I just got home from saying goodbye to one of our relief interns. He is in the reserves and his unit was called up to Iraq. We stuffed ourselves with great Chinese food and a suprisingly good cake decorated with a flag from Winn-Dixie. It was a time to honor and pray for Mike. I've really enjoyed having Mike in New Orleans, there are neat things I see in his life, in his response to going to war and in his character that I admire. He's a great guy but I didn't have any deep, bonding moments with Mike this past year. Yet still as I sat on the floor in the living room of the house and prayed for him, I couldn't help but weep. Here's another young man whose life will be touched by the ugliness of war. I said my goodbye and walked out the door of their house thinking "this is not the way life should be". As I turned the corner, I saw the paint on the house - a visual reminder of the water line that was at least 6 feet high after Katrina. I looked around a neighborhood that was obviously struggling - with piles of trash in the street and kids who were dealing drugs huddled on their porches. I started thinking about a conversation that our team had earlier that day. Chip, from our national team, was talking about the Kingdom of God. Jesus said, "the Kingdom of God is at hand". He ushered in the Kingdom, but we still don't live in the fulness of the Kingdom - that will only happen someday when Christ comes again. To think that the Kingdom of God is now and is also not yet is such a difficult tension.

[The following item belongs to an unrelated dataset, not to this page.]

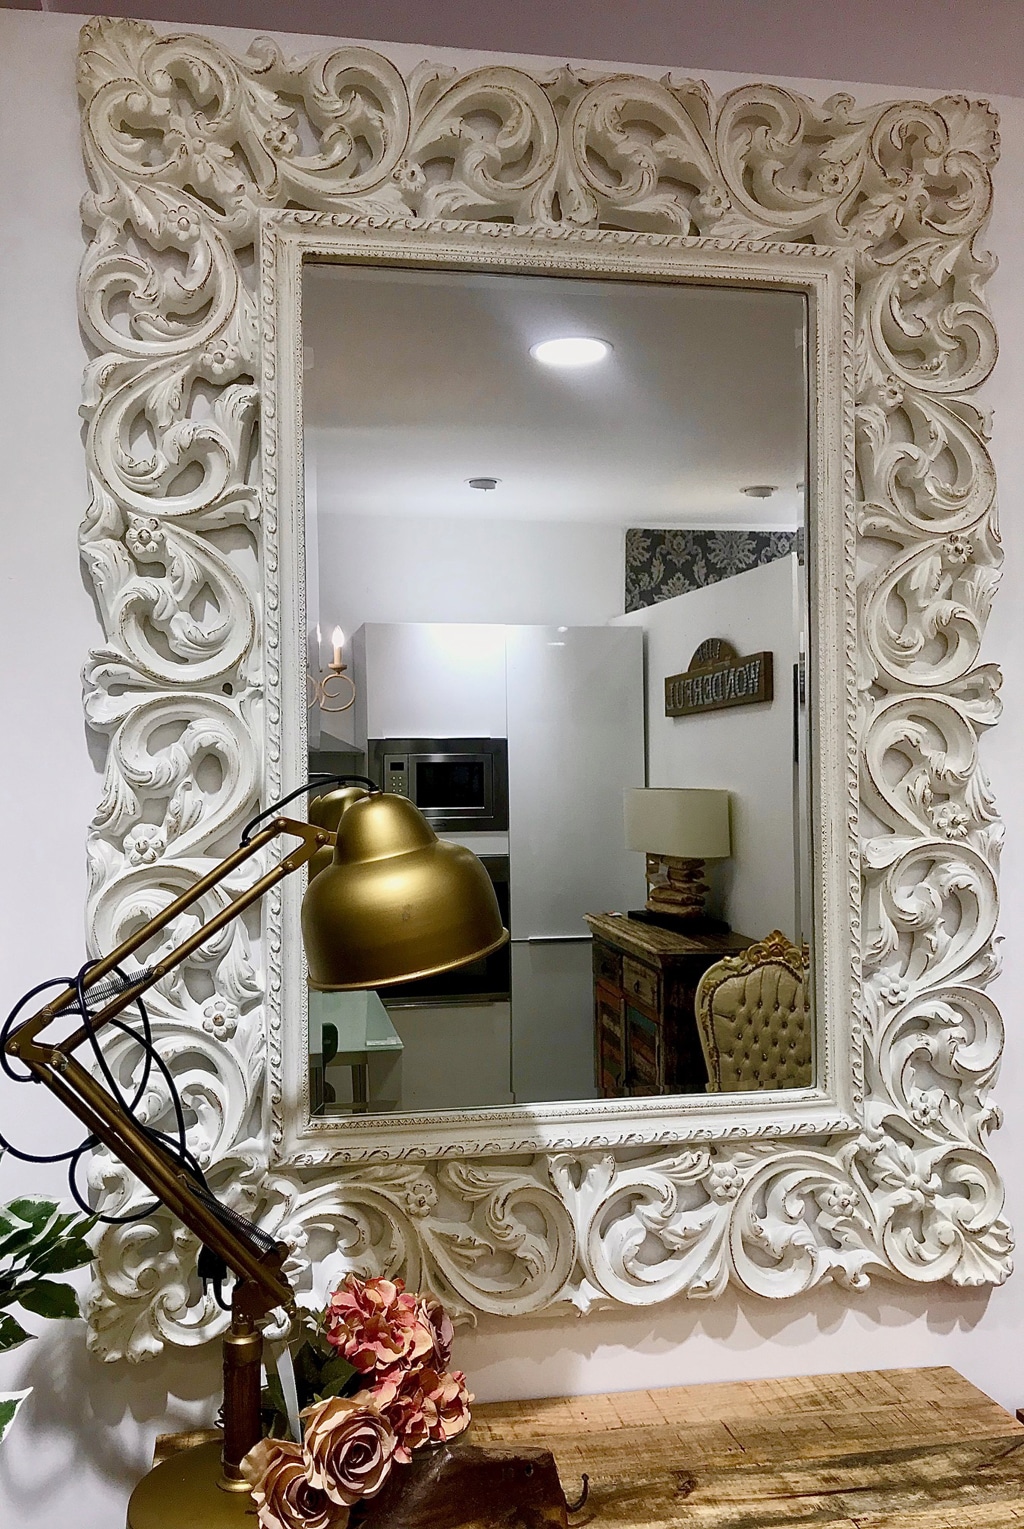 Specchio ingresso cornice barocco 105x85 cm Made in Italy Specchio cornice  bianca

Earlier today I was on the Riverwalk. I was listening to my ipod and looking out over the Mississippi as the sun was shining, the wind was gently blowing and the trees were blooming all around me. I remember thinking, "this is such a beautiful world - it's so easy to see God alive and active in this world. It's so easy to know he loves me and loves this city at this moment". How can I feel such hope at 9 in the morning and then just 12 hours later experience such despair - such a sense of the world being so broken....so empty and so seemingly without God.

So today, I am struggling with what it means to live in the Kingdom. To live in the 'now but not yet' of being a follower of Christ. What will it mean for Mike to experience the Kingdom of God in Iraq but also experience the horror of war? What will it mean for me to experience the Kingdom of God in this city that I have grown to love but to not ignore it's ugliness and brokenness? An even bigger question for me is probably, what will it mean for me to actively be a part of bringing the Kingdom of God to the world around me? Not in ways that are neat or ways that I can control, but in ways that I know the presence of God has indeed shown up?

Monday, March 19, 2007

Four Years Later

The war in Iraq has been going on for four years today. The other day when I was cleaning up my house, I found a picture that I’ve kept in my bible for the last year. It’s a picture of my little brother the day he left for war. He’s standing in his backyard in his uniform…he looks very serious and soldierly. He also still looks a lot like that kid I grew up with. He was gone for almost exactly one year. He joined the army because he loves our country, loves the honor of serving the country and the hands-on experience that the military offers. He enlisted post September 11th, when the world for us went from being mostly a safe place to a place of threats of terror, long lines at the airport and color-coded security levels. (I still have no idea what those colors mean).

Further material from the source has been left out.